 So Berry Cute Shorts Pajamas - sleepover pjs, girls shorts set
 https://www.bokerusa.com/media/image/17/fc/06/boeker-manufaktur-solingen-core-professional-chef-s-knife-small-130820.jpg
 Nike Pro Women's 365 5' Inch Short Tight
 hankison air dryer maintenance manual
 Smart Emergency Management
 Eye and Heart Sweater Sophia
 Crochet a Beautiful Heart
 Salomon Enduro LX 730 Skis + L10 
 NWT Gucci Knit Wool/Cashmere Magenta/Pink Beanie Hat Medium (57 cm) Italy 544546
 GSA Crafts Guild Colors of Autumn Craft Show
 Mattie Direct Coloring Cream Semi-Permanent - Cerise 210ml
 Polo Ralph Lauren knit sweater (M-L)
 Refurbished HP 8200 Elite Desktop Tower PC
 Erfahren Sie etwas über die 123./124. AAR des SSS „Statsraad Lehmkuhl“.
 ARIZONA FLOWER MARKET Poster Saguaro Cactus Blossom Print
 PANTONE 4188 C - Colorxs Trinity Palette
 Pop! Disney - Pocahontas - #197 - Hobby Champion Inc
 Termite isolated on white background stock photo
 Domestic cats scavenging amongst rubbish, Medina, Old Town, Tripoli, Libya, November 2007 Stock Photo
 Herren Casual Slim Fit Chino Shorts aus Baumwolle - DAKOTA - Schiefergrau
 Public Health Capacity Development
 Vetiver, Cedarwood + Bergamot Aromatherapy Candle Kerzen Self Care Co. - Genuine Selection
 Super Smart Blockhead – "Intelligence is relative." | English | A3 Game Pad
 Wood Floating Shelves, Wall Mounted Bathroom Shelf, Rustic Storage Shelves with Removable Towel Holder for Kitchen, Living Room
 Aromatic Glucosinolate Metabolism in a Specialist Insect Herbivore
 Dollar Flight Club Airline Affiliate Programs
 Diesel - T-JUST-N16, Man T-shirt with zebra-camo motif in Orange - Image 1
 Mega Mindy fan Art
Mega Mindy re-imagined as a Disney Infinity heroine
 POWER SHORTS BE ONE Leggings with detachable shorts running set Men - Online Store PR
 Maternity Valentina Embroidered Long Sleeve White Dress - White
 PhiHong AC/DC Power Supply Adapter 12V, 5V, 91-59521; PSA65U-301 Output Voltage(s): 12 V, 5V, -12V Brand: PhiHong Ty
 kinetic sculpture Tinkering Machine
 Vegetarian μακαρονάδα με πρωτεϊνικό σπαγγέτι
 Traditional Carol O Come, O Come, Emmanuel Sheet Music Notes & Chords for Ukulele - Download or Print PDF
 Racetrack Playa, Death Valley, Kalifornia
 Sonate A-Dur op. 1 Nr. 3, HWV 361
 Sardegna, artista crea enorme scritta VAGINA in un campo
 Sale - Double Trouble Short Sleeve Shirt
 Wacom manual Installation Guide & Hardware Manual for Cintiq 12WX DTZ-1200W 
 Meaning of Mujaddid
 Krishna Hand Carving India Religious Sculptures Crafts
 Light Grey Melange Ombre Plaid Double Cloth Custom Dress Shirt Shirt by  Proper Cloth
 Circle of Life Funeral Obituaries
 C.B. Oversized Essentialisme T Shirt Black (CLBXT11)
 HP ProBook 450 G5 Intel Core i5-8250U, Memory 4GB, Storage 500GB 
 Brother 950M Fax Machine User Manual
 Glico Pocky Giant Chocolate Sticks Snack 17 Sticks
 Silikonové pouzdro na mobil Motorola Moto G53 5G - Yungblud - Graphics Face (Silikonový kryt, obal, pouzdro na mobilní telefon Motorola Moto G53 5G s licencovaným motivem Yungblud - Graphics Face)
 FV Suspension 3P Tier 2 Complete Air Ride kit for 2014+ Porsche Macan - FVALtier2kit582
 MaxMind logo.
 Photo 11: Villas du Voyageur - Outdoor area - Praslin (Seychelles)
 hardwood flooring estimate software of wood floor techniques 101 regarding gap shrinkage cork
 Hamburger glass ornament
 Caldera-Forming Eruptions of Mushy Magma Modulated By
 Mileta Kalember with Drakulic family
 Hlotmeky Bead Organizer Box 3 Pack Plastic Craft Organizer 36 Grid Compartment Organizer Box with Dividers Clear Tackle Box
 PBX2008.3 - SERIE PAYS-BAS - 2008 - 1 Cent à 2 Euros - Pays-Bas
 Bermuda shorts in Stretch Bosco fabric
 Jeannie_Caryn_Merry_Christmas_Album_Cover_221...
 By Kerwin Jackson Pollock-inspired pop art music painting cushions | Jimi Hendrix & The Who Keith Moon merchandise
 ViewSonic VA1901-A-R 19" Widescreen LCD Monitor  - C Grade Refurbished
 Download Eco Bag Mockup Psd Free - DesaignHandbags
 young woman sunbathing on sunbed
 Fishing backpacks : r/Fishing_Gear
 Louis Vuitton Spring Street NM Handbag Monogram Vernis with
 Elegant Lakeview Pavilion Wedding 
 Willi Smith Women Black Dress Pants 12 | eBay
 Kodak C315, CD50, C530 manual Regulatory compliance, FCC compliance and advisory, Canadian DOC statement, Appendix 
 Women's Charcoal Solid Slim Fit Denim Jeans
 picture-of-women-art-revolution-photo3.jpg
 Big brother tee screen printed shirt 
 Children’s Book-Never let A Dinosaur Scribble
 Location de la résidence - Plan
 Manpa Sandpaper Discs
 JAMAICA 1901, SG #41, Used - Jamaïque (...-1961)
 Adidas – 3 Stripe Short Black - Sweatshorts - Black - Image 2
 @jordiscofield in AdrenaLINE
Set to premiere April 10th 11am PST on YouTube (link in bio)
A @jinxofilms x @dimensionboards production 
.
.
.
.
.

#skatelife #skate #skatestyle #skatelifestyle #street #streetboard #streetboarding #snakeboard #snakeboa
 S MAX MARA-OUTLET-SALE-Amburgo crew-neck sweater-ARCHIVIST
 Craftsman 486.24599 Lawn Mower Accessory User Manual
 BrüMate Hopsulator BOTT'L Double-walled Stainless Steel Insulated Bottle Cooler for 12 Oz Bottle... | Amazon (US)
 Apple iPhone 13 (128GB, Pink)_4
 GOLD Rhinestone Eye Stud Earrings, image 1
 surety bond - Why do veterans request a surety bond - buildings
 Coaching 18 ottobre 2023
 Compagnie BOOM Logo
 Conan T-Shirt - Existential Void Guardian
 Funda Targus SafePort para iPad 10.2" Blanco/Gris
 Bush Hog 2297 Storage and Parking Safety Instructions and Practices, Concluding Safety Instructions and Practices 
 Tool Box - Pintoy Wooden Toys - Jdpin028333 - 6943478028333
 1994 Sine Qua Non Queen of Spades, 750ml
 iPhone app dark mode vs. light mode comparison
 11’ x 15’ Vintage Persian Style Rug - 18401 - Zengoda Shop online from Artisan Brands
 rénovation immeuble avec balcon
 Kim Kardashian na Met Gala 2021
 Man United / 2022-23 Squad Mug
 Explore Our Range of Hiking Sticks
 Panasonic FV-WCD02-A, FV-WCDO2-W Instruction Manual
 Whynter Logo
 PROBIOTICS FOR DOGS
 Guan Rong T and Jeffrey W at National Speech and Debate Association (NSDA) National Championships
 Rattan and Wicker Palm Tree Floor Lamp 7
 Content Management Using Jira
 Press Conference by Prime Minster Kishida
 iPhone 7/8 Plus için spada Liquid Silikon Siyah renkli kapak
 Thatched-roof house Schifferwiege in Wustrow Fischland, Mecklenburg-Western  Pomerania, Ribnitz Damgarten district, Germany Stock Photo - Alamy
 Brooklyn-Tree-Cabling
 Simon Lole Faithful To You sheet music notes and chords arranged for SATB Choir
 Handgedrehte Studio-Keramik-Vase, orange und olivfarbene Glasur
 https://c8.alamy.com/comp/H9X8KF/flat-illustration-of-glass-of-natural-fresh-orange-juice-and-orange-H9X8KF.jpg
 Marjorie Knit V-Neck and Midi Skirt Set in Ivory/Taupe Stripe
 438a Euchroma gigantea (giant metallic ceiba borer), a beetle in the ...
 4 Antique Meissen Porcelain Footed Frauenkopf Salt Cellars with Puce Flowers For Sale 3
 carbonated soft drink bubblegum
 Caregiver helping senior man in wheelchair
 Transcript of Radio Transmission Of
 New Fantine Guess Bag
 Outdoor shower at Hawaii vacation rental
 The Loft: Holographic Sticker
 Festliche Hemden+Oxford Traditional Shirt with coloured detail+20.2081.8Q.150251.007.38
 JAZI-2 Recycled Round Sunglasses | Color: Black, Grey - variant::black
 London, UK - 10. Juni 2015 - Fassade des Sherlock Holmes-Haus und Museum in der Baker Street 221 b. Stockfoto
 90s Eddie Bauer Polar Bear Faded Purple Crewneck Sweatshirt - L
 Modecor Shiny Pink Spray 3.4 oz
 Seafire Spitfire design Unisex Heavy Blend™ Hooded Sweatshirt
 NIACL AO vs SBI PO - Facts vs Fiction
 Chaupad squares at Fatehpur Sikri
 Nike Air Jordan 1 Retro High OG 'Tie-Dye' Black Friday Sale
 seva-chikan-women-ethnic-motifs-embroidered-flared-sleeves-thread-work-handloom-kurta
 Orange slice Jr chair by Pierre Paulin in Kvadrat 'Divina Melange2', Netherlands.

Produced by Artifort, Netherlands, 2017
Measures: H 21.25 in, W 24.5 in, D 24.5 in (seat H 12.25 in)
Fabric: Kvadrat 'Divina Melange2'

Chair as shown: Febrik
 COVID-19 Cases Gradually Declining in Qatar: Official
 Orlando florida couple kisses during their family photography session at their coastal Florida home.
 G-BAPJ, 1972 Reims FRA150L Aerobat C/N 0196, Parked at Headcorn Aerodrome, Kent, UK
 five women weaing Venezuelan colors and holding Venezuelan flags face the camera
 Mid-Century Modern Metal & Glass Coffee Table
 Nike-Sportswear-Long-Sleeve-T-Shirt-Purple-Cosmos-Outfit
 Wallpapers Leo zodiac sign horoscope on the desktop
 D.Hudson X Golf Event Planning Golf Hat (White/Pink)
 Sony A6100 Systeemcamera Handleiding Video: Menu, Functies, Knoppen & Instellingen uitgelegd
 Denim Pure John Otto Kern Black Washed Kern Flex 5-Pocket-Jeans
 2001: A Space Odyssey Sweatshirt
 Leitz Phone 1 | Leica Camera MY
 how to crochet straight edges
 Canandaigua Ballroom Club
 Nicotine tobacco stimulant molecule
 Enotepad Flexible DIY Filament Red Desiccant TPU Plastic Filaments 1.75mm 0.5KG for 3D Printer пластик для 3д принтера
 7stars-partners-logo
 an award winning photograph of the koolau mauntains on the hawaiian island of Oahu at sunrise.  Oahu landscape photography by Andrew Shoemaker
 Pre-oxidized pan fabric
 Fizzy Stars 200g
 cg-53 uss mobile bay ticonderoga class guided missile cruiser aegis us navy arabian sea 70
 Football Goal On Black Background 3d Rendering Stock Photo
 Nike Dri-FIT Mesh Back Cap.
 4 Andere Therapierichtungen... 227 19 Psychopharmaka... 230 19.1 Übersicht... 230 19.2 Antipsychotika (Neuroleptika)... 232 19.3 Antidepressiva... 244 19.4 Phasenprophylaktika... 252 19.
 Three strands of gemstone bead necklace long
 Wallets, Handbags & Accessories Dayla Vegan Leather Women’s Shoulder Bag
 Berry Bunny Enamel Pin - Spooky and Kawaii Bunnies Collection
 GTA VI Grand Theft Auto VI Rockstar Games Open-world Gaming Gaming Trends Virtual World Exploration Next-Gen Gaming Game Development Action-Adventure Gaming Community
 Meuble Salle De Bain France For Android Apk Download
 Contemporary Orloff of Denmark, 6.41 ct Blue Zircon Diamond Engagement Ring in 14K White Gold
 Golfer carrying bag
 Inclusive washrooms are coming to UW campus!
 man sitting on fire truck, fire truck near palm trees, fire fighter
..........
Copy out the range of lines above starting at the line with "Whynter Logo" and ending at the line with "Nike Air Jordan", exactly and including both.

Expected answer:
 Whynter Logo
 PROBIOTICS FOR DOGS
 Guan Rong T and Jeffrey W at National Speech and Debate Association (NSDA) National Championships
 Rattan and Wicker Palm Tree Floor Lamp 7
 Content Management Using Jira
 Press Conference by Prime Minster Kishida
 iPhone 7/8 Plus için spada Liquid Silikon Siyah renkli kapak
 Thatched-roof house Schifferwiege in Wustrow Fischland, Mecklenburg-Western  Pomerania, Ribnitz Damgarten district, Germany Stock Photo - Alamy
 Brooklyn-Tree-Cabling
 Simon Lole Faithful To You sheet music notes and chords arranged for SATB Choir
 Handgedrehte Studio-Keramik-Vase, orange und olivfarbene Glasur
 https://c8.alamy.com/comp/H9X8KF/flat-illustration-of-glass-of-natural-fresh-orange-juice-and-orange-H9X8KF.jpg
 Marjorie Knit V-Neck and Midi Skirt Set in Ivory/Taupe Stripe
 438a Euchroma gigantea (giant metallic ceiba borer), a beetle in the ...
 4 Antique Meissen Porcelain Footed Frauenkopf Salt Cellars with Puce Flowers For Sale 3
 carbonated soft drink bubblegum
 Caregiver helping senior man in wheelchair
 Transcript of Radio Transmission Of
 New Fantine Guess Bag
 Outdoor shower at Hawaii vacation rental
 The Loft: Holographic Sticker
 Festliche Hemden+Oxford Traditional Shirt with coloured detail+20.2081.8Q.150251.007.38
 JAZI-2 Recycled Round Sunglasses | Color: Black, Grey - variant::black
 London, UK - 10. Juni 2015 - Fassade des Sherlock Holmes-Haus und Museum in der Baker Street 221 b. Stockfoto
 90s Eddie Bauer Polar Bear Faded Purple Crewneck Sweatshirt - L
 Modecor Shiny Pink Spray 3.4 oz
 Seafire Spitfire design Unisex Heavy Blend™ Hooded Sweatshirt
 NIACL AO vs SBI PO - Facts vs Fiction
 Chaupad squares at Fatehpur Sikri
 Nike Air Jordan 1 Retro High OG 'Tie-Dye' Black Friday Sale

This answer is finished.